Prompt-enhanced

This script allows you to fine-tune ChromBERT by adding extra information as prompts. You can include things like cell-type features or DNA sequence patterns to help the model make better predictions. The model uses these prompts as additional clues when analyzing genomic data.

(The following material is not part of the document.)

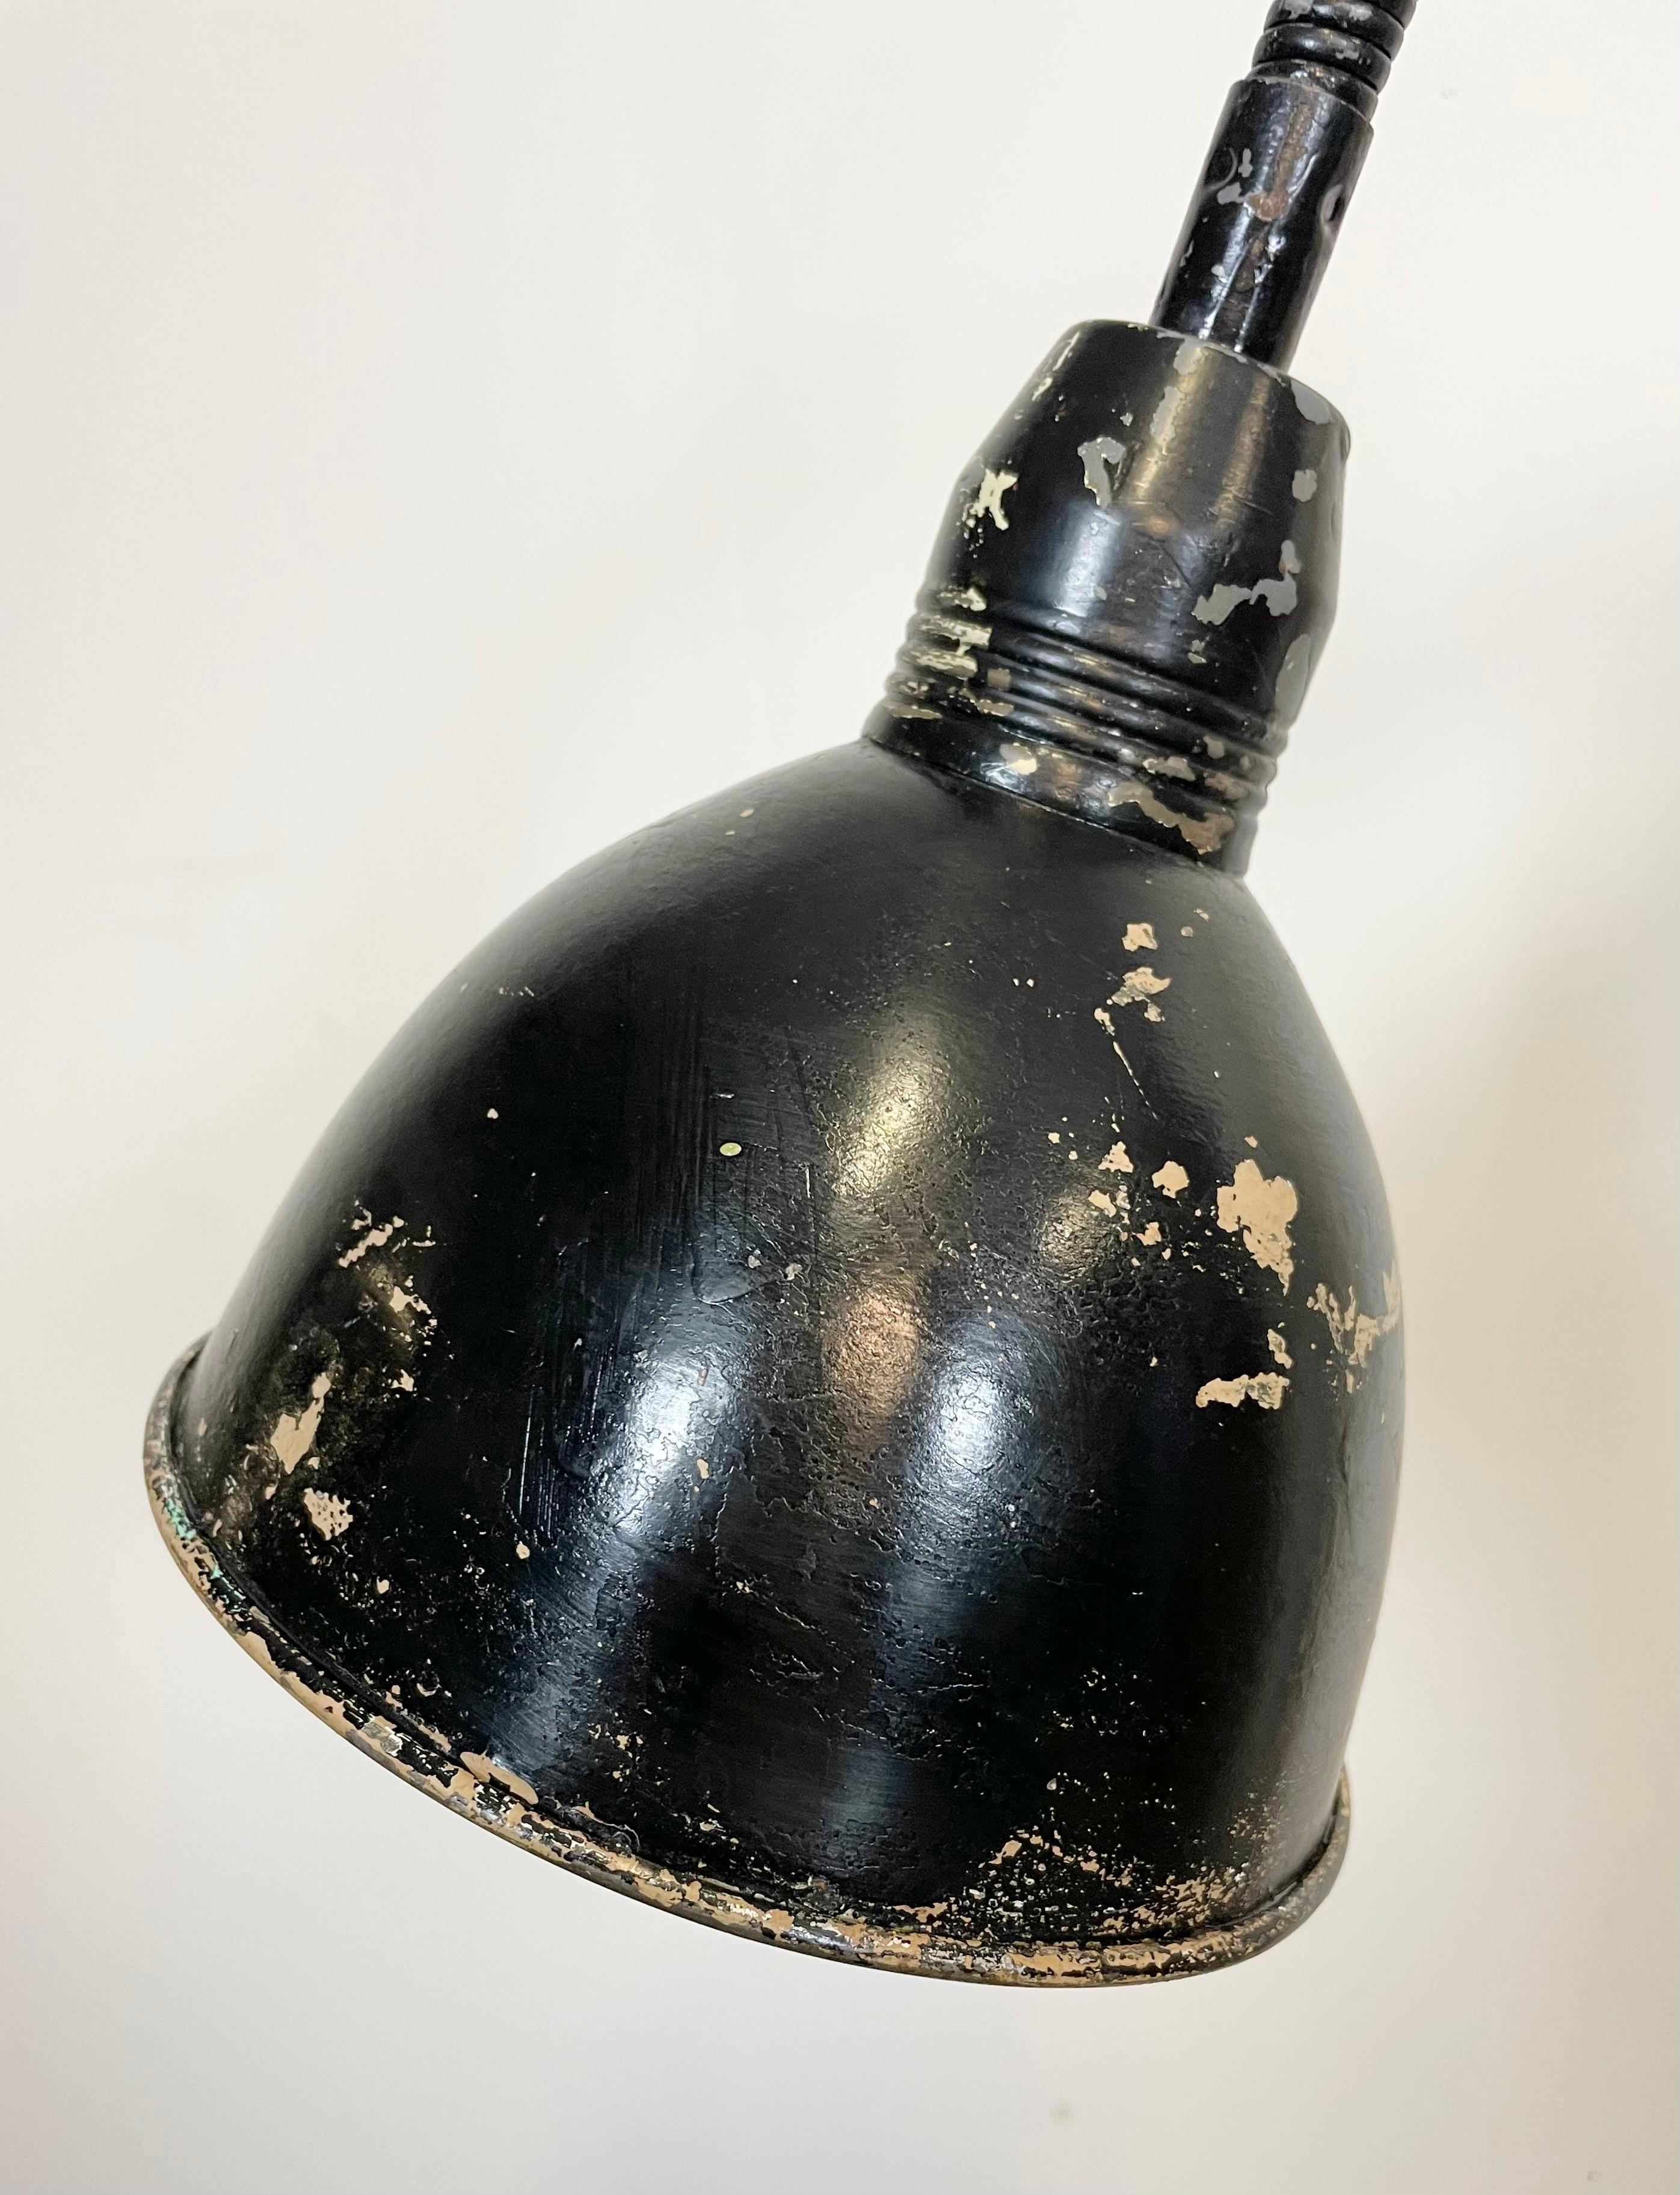 This black vintage Industrial scissor wall lamp was produced by Elektroinstala in former Czechoslovakia during the 1960s. It has a metal lampshade. The iron scissor arm is extendable and can be turned sideways. The socket requires E 27 lightbulbs .

python ft_prompt_enhanced.py [OPTIONS] --prompt-kind KIND \
    --train TRAIN_PATH \
    --valid VALID_PATH \
    --test TEST_PATH

# use cache file for acceleration
python ft_prompt_enhanced.py [OPTIONS] \
    --prompt-kind KIND  \
    --prompt-regulator-cache-file CACHE_PATH1 \
    --prompt-celltype-cache-file CACHE_PATH2 \
    --train TRAIN_PATH \
    --valid VALID_PATH \
    --test TEST_PATH

Options

--lr

Learning rate. Default is 1e-4.

--warmup-ratio

Warmup ratio. Default is 0.1.

--grad-samples

Number of gradient samples. Automatically scaled according to the batch size and GPU number. Default is 512.

--pretrain-trainable

Number of pretrained layers to be trainable. Default is 0.

--max-epochs

Number of epochs to train. Default is 10.

--tag

Tag of the trainer, used for grouping logged results. Default is default.

--limit-val-batches

Number of batches to use for each validation. Default is 64.

--val-check-interval

Validation check interval. Default is 64.

--name

Name of the trainer. Default is chrombert-ft-prompt-enhanced.

--save-top-k

Save top k checkpoints. Default is 3.

--checkpoint-metric

Checkpoint metric. Default is bce.

--checkpoint-mode

Checkpoint mode. Default is min.

--log-every-n-steps

Log every n steps. Default is 50.

--kind

Kind of the task. Choose from classification, regression, or zero_inflation. Default is classification.

--loss

Loss function. Default is focal.

--train

Path to the training data. This option is required.

--valid

Path to the validation data. This option is required.

--test

Path to the test data. This option is required.

--batch-size

Batch size. Default is 8. It’s suggested to set a larger number to accelerate training here.

--num-workers

Number of workers. Default is 4.

--basedir

Path to the base directory. Default is set to the value of os.path.expanduser("~/.cache/chrombert/data").

-g, --genome

Genome version. For example, hg38 or mm10. Only hg38 is supported now. Default is hg38.

-k, --ckpt

Path to the checkpoints used to initialize the model. Optional. Defualt is the pretrain checkpoint provided in the base directory.

--mask
Path to the mtx mask file. Optional if it could infered from other arguments.
-d, --hdf5-file

Path to the HDF5 file that contains the dataset. Optional if it could be inferred from other arguments.

--dropout

Dropout rate. Default is 0.1.

-hr, --high-resolution

Use 200-bp resolution instead of 1-kb resolution. Caution: 200-bp resolution is preparing for the future release of ChromBERT, which is not available yet.

--prompt-kind

Prompt data class. Choose from cistrome or expression. Default is None. This option is required.

--prompt-dim-external

Dimension of external data. Use 512 for scGPT, and 768 for ChromBERT’s embedding. Default is 512.

--prompt-celltype-cache-file

Path to the cell-type-specific prompt cache file. Provided if you want to use cache file to accelerate the training process. Optional. Default is not use it.

--prompt-regulator-cache-file

Path to the regulator prompt cache file. Provided if you want to use cache file to accelerate the training process. Optional. Default is not use it.